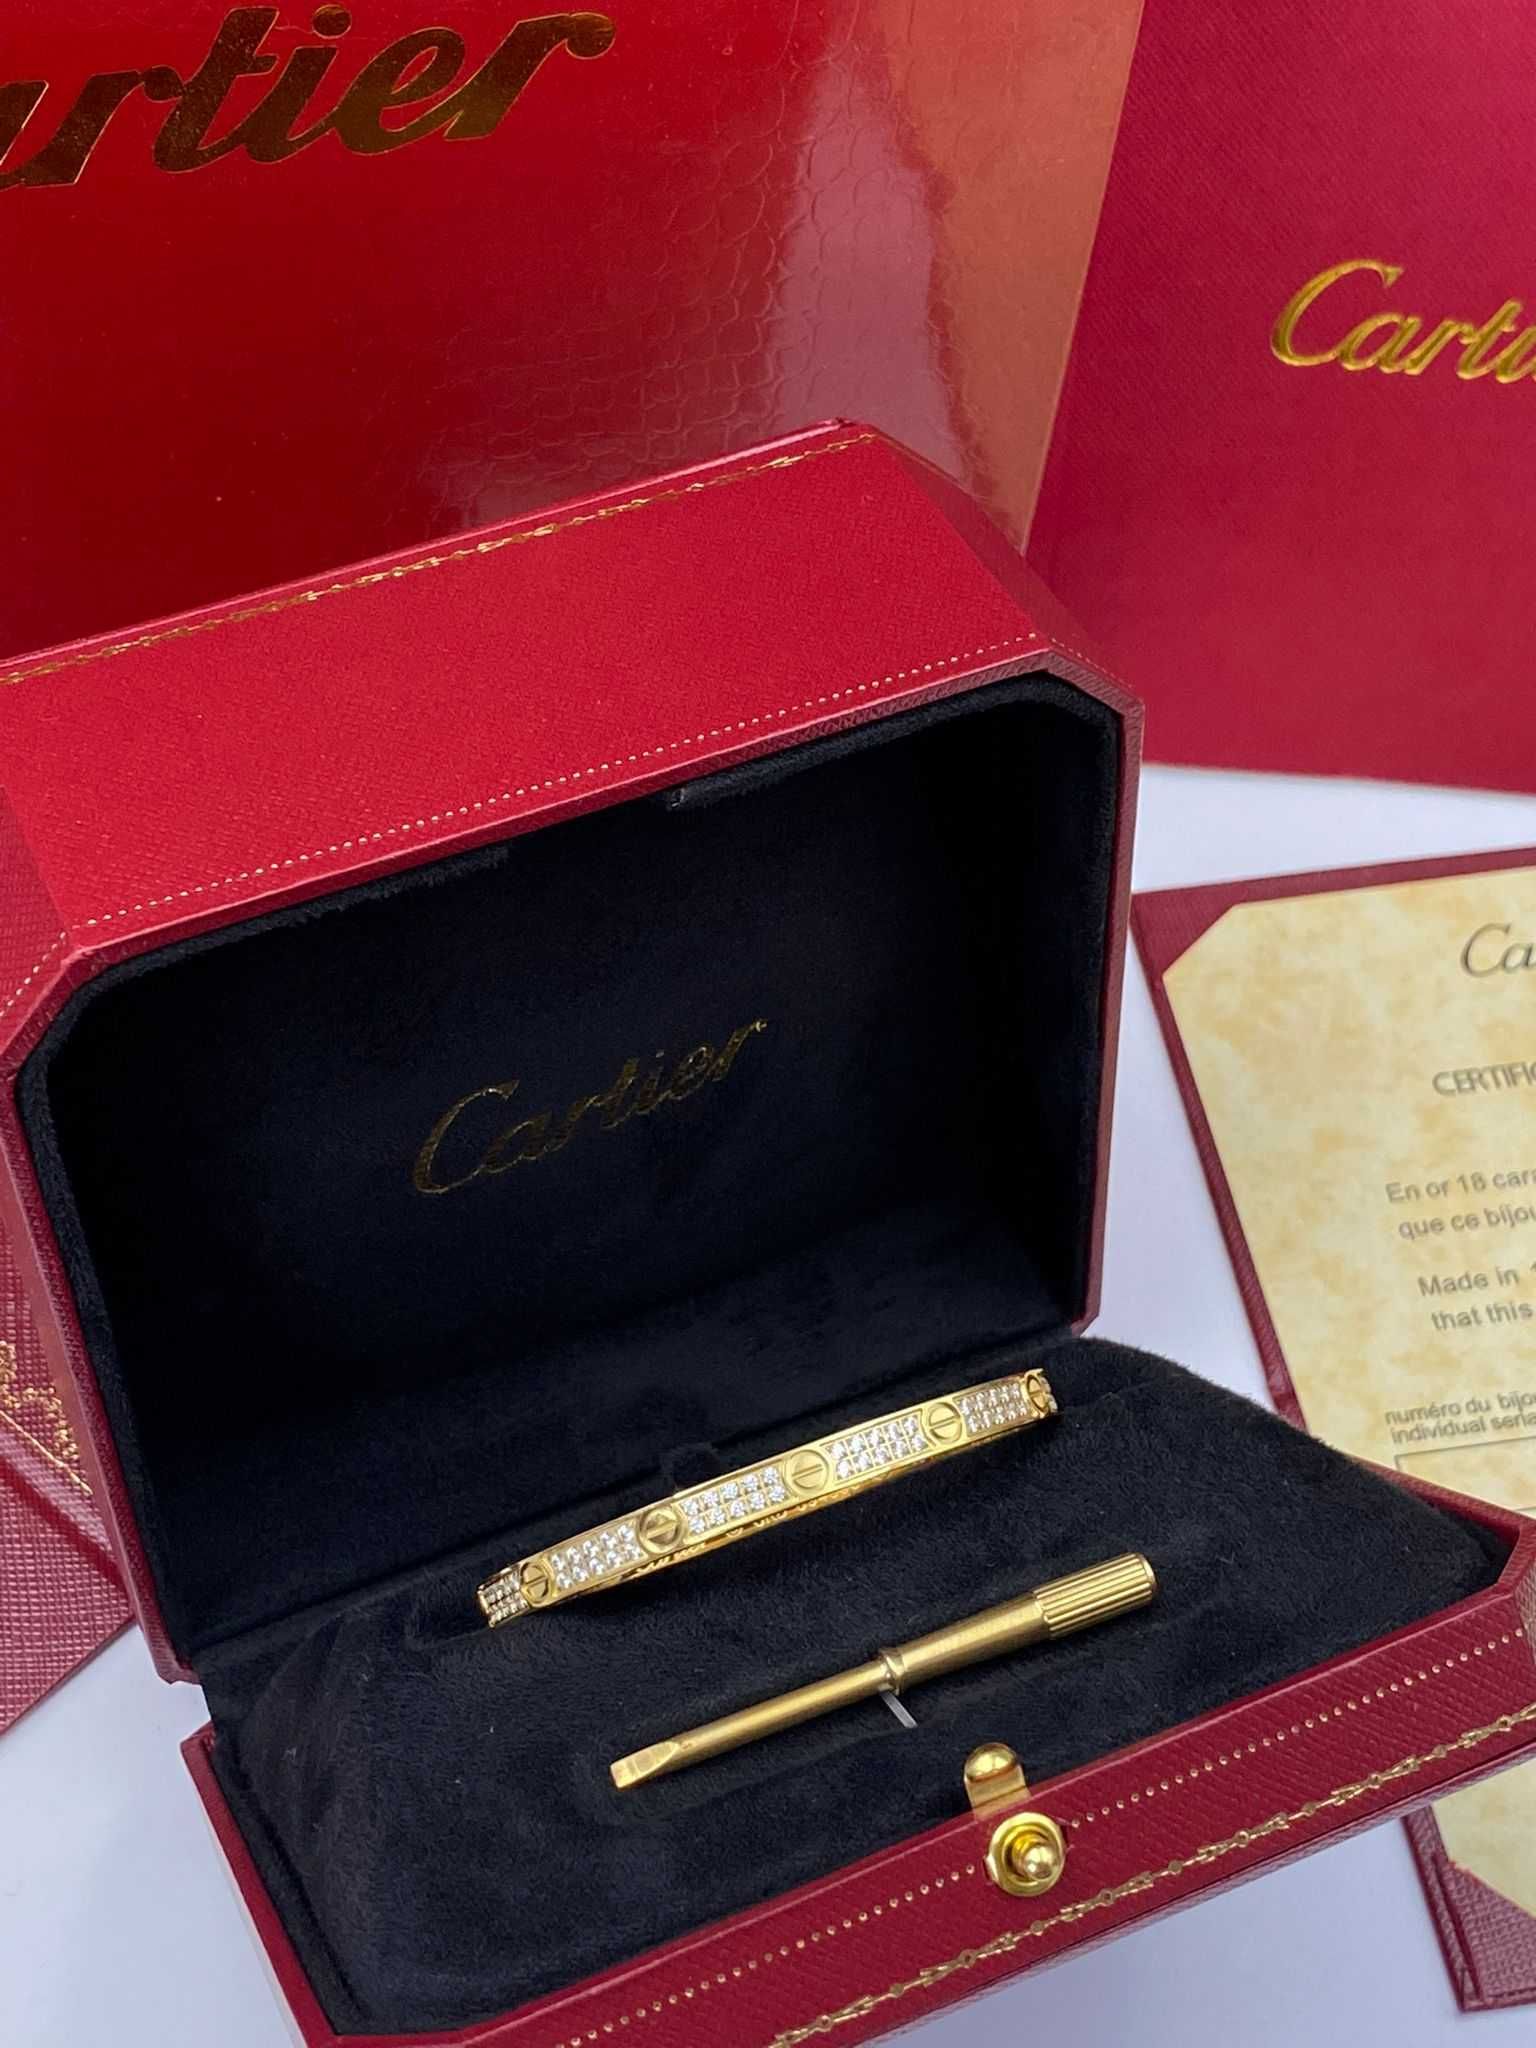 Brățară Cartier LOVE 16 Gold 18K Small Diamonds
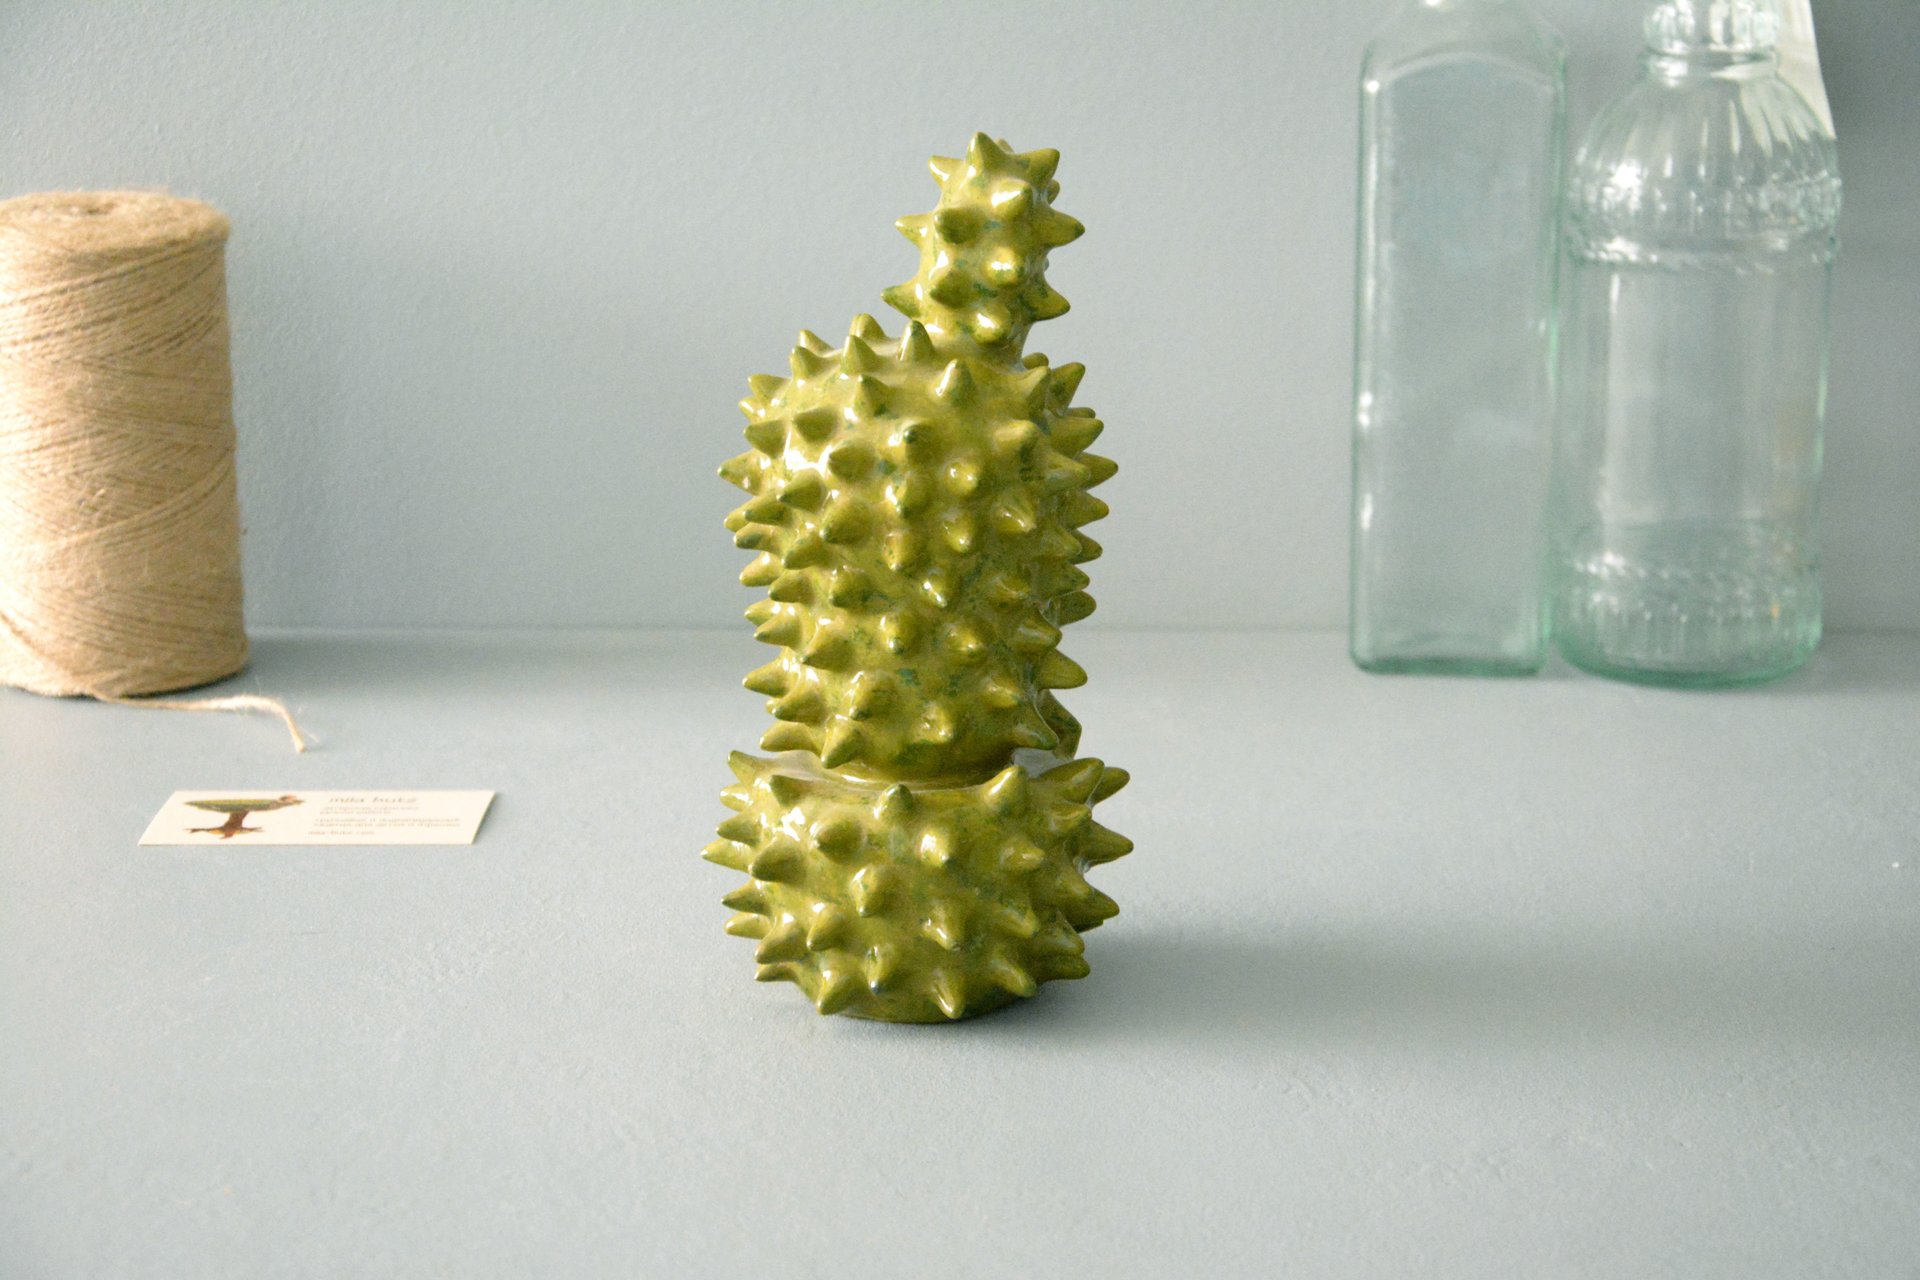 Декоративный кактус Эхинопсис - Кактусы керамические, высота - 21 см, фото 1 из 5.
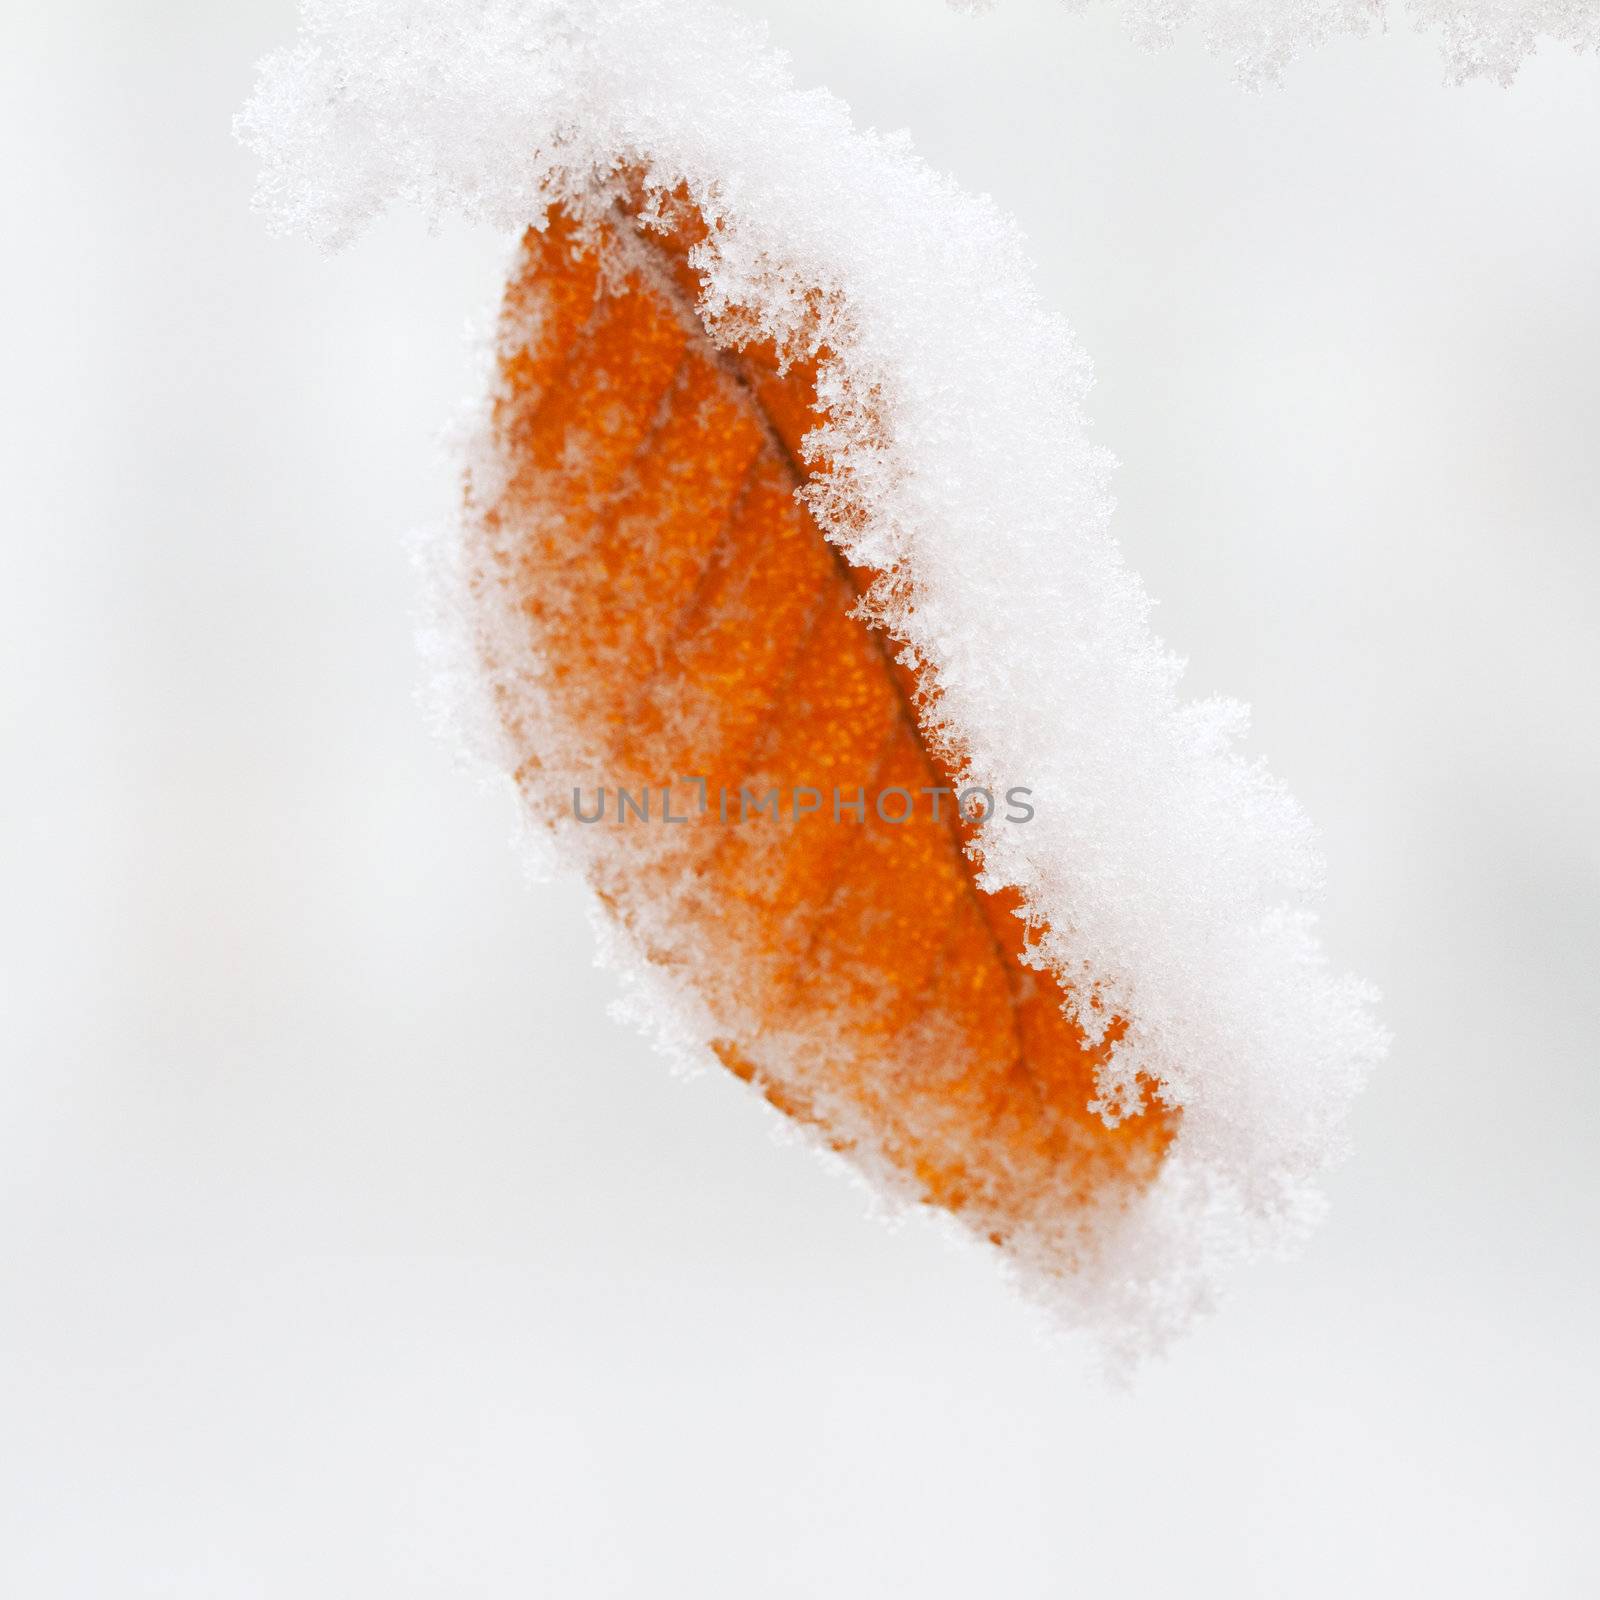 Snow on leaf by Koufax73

::::

Leaving out the pictures, transcribe the material above exactly.

 Brățară Cartier LOVE 16 Gold 18K Small Diamonds
 Декоративный кактус Эхинопсис - Кактусы керамические, высота - 21 см, фото 1 из 5.
 Snow on leaf by Koufax73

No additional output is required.